Приехав в столицу, они попадают в Дом Союзов, в Голубой зал. Тут им говорят, что через полчаса к ним приедет Ленин. Они занимают места и ждут. Но многим не терпится. Вот комсомолец лет восемнадцати в непомерно длинной шинели. Он громко зовет своих друзей спуститься вниз, к подъезду, чтобы встретить вождя. Несколько ребят бегут за ним. Они стремительно прыгают по ступенькам лестницы. На середине лестницы разбежавшийся комсомолец в длинной шинели нечаянно задевает плечом человека в черном пальто и в шапке, тихо поднимающегося навстречу. Комсомолец пробегает еще несколько ступенек, потом останавливается и смотрит назад, на человека, которого он так неосторожно толкнул. Кого-то напомнил ему этот человек с давно не бритой бородкой: есть что-то некрасовское в его лице. И вдруг комсомолец шепчет своим ребятам: «Ленин!» — и поворачивает всю ватагу назад.

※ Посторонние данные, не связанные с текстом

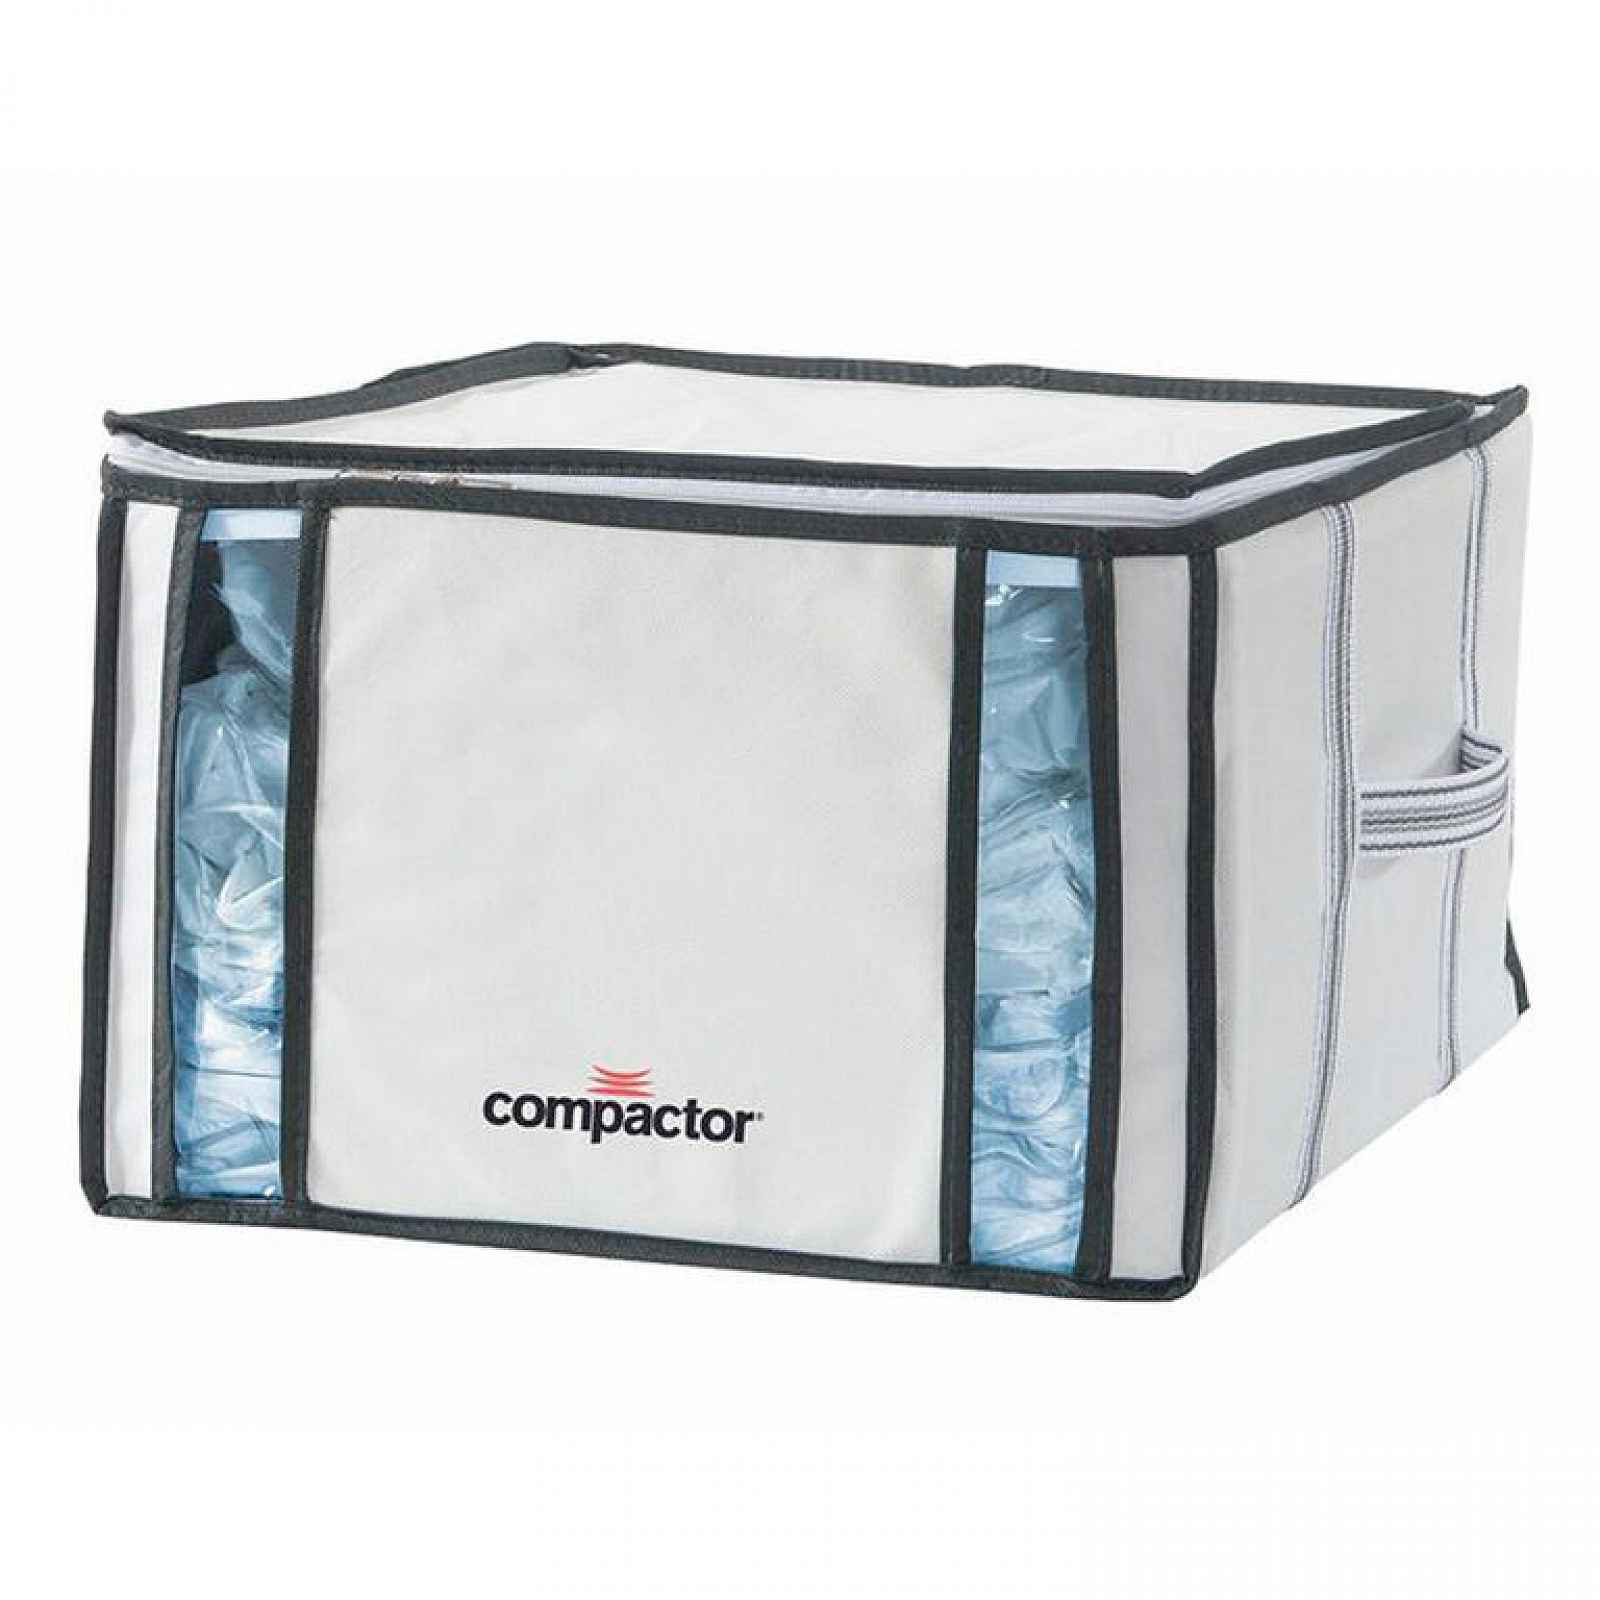 Compactor Life M 125 litrů úložný box s vakuovým sáčkem

Три сотни человек, рукоплеща, образуют узкий коридор — от

дверей до трибуны... Через минуту Ленин стоит уже на трибуне, но рукоплескания не дают ему говорить. Зато как тихо стало в зале, когда он произнес первые негромкие слова.

Так вот он какой — наш Ильич! Все знакомо в нем: и этот чуть картавый выговор, и обнаженный лоб, под куполом которого звездятся жизнеобильные глаза, и крапинки на галстуке, и черный костюм...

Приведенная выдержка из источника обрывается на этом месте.